China values its access to Western universities and its middle classes place a premium on English-language education, giving a resilience to Chinese demand.
Education highlights the implausibility of any strategy to diversify the economic relationship. Sydney University vice chancellor Michael Spence claims that government funding is a bigger risk than foreign enrolments. However, even in a hypothetical world where government boosted education funding, a university would still take an enrolment from the next foreign student if it could. No business will readily turn away a customer.
One of the most striking features of Australia’s trade with China has been the growth of non-traditional exports. While the big three—iron ore, coal and LNG—account for more than two-thirds of merchandise exports to China, the combined value of the next 20 largest Australian exports has risen by more than 70% over the last five years and is more than Australia gets in total from any other market except Japan.
Some of these gains—for example, barley and beef—have been helped by the China–Australia free trade agreement, while others—such as pharmaceuticals, crayfish, wine and baby formula—reflect middle-class Chinese demand.
For both sides, it is good business, and that’s the driving force behind the entire trade relationship.
While the mercantilist approach of the US administration regards exports as good and imports as bad, economists concerned with consumer welfare emphasise the value of imports: it is access to goods and services of the best value that lifts living standards.
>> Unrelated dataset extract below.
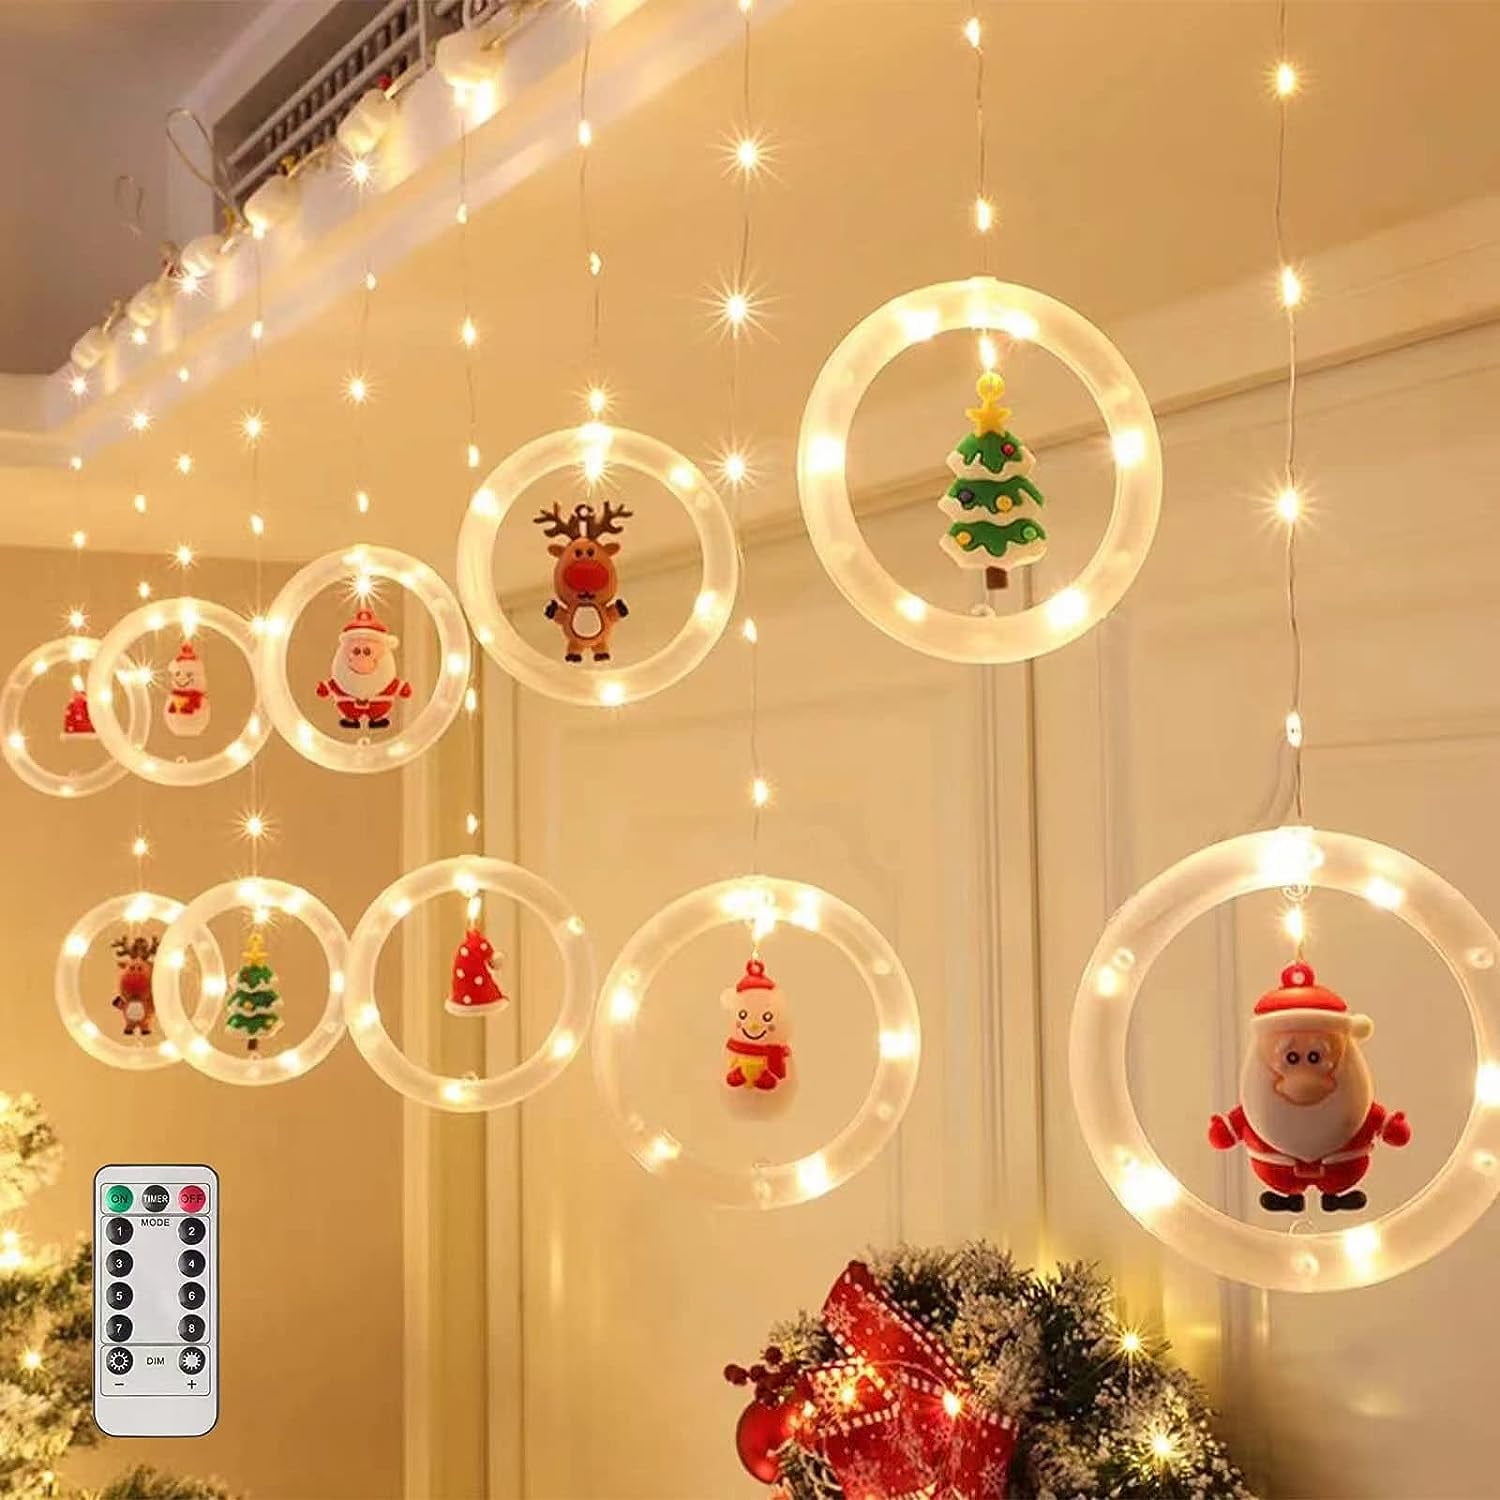 9 Creative Ways to Use Battery Operated LED Lights in Your Home Decor

Australian consumers have benefited from low-cost Chinese technology and household goods, while business competitiveness has been enhanced by access to low-cost Chinese industrial supplies.
The strength of the economic relationship does shape the government’s strategic options. Australia hasn’t followed the US’s freedom-of-navigation operations close to the Chinese-constructed islands in the South China Sea, for example. However, prosperity is in the national interest and the relationship has delivered that over the past 15 years.
The most immediate risks are more economic than strategic. The Chinese government faces a supremely challenging task in achieving a controlled slowing of an unsustainable growth rate without imperilling the ability of its state-owned companies and local governments to service their massive debts. The trade conflict with the US makes that task all the more difficult. Attempting to sustain growth with resource-intensive infrastructure investment may be reaching its limit.
Through nearly all of the past 15 years, it has been a sellers’ market for most of the things Australia supplies China. Australia’s terms of trade (export prices compared with import prices) have been sustained at a higher level than at any time in the last century. Although both sides are dependent on each other, the balance would shift in a downturn. It would become a buyers’ market and Australia could become more vulnerable to pressure from its largest customer.